Created attachment 7235 [details] windows xp - cmd create rename file
nor, problem doesn't occur on cmd. file aces are okay. root@supernova2:/space/groups/nfs [sol11]# ls -Vd test1.txt -rwxrwx---+ 1 adtest Domain Users 30 Jan 10 18:02 test1.txt owner@:rwxpdDaARWcCos:-------:allow group@:rwxpd-aARWc--s:-------:allow user:Administrator:rwxpdDaARWcCos:-------:allow group:fileserver admins:rwxpdDaARWcCos:-------:allow root@supernova2:/space/groups/nfs [sol11]#
So, just trying to understand - the command line create and rename log you sent shows success, right (i.e. the ACLs are correct) ? So I should compare this with attachment 7191 [details] showing a log of creating a new file using explorer that corrupts the ACLs, yes ? Jeremy.

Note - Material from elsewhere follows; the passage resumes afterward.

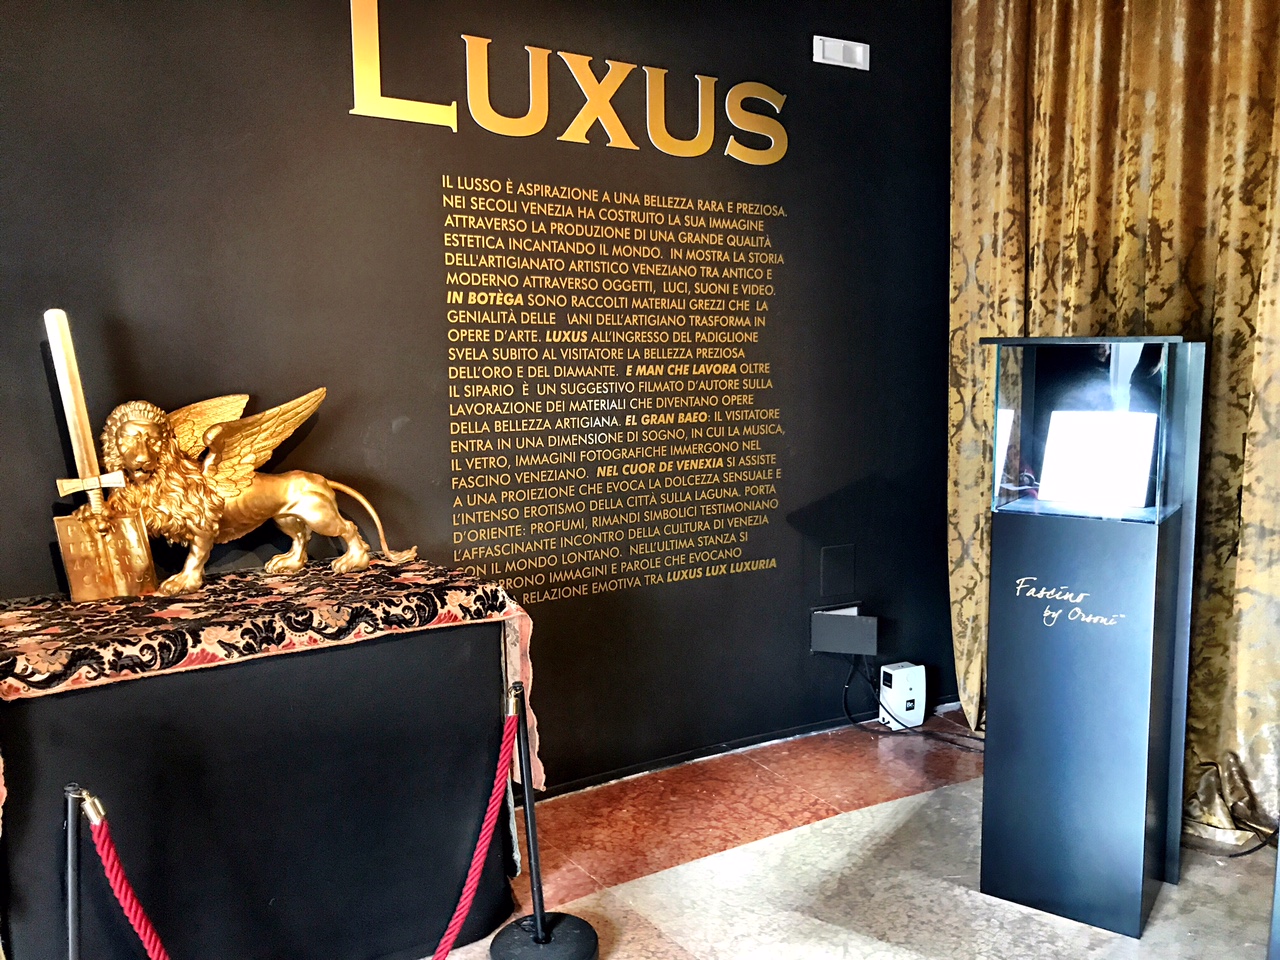 Luxus- Padiglione Venezia

(In reply to comment #22) > So, just trying to understand - the command line create and rename log you sent > shows success, right (i.e. the ACLs are correct) ? right! > So I should compare this with attachment 7191 [details] showing a log of creating a new file using explorer that corrupts the ACLs, yes ? yes, there have to be the difference.
I've seen NFS4 mounts work properly with more recent samba versions and vfs nfs4acl_xattr.